/---

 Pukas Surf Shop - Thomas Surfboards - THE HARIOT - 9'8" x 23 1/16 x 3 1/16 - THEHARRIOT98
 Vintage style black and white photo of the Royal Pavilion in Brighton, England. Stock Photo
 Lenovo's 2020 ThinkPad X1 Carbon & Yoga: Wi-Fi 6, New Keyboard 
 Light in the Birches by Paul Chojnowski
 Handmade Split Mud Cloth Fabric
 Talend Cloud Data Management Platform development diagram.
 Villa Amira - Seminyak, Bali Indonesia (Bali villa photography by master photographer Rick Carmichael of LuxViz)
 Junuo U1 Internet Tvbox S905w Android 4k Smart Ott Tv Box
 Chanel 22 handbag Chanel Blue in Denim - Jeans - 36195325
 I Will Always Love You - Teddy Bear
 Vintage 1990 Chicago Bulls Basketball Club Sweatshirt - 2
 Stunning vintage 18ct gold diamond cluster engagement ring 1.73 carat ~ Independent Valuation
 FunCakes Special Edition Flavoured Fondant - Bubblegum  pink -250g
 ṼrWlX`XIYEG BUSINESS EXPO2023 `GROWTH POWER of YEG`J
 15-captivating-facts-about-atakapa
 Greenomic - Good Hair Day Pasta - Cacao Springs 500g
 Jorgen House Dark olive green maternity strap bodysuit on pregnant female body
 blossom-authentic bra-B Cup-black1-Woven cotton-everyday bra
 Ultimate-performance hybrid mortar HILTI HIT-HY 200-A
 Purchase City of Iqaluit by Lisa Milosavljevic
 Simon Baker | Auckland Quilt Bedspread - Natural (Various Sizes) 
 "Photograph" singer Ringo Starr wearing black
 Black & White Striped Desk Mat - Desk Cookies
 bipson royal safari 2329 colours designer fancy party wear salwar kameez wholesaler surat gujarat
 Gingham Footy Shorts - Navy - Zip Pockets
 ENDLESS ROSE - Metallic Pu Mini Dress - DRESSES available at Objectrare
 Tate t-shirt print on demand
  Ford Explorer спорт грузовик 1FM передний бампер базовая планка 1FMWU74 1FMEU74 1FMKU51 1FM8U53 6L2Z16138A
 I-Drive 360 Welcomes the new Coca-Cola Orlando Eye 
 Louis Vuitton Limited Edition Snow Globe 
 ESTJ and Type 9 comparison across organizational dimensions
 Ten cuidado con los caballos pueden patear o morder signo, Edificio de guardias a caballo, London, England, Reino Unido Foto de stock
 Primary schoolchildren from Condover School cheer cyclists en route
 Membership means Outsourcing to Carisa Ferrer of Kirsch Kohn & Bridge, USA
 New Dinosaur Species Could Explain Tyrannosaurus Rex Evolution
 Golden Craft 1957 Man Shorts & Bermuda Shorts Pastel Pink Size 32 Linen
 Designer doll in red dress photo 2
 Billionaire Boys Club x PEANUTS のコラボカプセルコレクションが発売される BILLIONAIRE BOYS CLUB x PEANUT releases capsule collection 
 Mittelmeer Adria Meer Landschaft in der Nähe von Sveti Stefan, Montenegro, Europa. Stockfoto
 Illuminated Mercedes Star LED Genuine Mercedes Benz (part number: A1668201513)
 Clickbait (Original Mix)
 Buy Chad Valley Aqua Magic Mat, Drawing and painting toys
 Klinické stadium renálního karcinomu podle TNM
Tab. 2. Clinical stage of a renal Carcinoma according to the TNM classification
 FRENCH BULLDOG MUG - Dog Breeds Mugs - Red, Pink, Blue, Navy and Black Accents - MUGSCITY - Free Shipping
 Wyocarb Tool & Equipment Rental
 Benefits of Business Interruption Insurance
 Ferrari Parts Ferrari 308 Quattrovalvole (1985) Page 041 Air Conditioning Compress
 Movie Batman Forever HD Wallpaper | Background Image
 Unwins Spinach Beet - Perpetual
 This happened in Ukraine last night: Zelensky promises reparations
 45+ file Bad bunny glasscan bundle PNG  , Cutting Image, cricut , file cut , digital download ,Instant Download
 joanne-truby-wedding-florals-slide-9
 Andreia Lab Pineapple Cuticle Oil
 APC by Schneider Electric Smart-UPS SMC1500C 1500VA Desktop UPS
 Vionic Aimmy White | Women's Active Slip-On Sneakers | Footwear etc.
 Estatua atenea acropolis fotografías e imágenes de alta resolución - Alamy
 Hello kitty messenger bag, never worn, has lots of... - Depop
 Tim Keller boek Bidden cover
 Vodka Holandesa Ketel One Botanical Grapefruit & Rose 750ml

\---

### Task goal
Beginning at the line with "15-captivating-facts-about-atakapa" and ending at the line with "Primary schoolchildren from", reproduce each line of the data above exactly, and add no other lines.

### Task response
 15-captivating-facts-about-atakapa
 Greenomic - Good Hair Day Pasta - Cacao Springs 500g
 Jorgen House Dark olive green maternity strap bodysuit on pregnant female body
 blossom-authentic bra-B Cup-black1-Woven cotton-everyday bra
 Ultimate-performance hybrid mortar HILTI HIT-HY 200-A
 Purchase City of Iqaluit by Lisa Milosavljevic
 Simon Baker | Auckland Quilt Bedspread - Natural (Various Sizes) 
 "Photograph" singer Ringo Starr wearing black
 Black & White Striped Desk Mat - Desk Cookies
 bipson royal safari 2329 colours designer fancy party wear salwar kameez wholesaler surat gujarat
 Gingham Footy Shorts - Navy - Zip Pockets
 ENDLESS ROSE - Metallic Pu Mini Dress - DRESSES available at Objectrare
 Tate t-shirt print on demand
  Ford Explorer спорт грузовик 1FM передний бампер базовая планка 1FMWU74 1FMEU74 1FMKU51 1FM8U53 6L2Z16138A
 I-Drive 360 Welcomes the new Coca-Cola Orlando Eye 
 Louis Vuitton Limited Edition Snow Globe 
 ESTJ and Type 9 comparison across organizational dimensions
 Ten cuidado con los caballos pueden patear o morder signo, Edificio de guardias a caballo, London, England, Reino Unido Foto de stock
 Primary schoolchildren from Condover School cheer cyclists en route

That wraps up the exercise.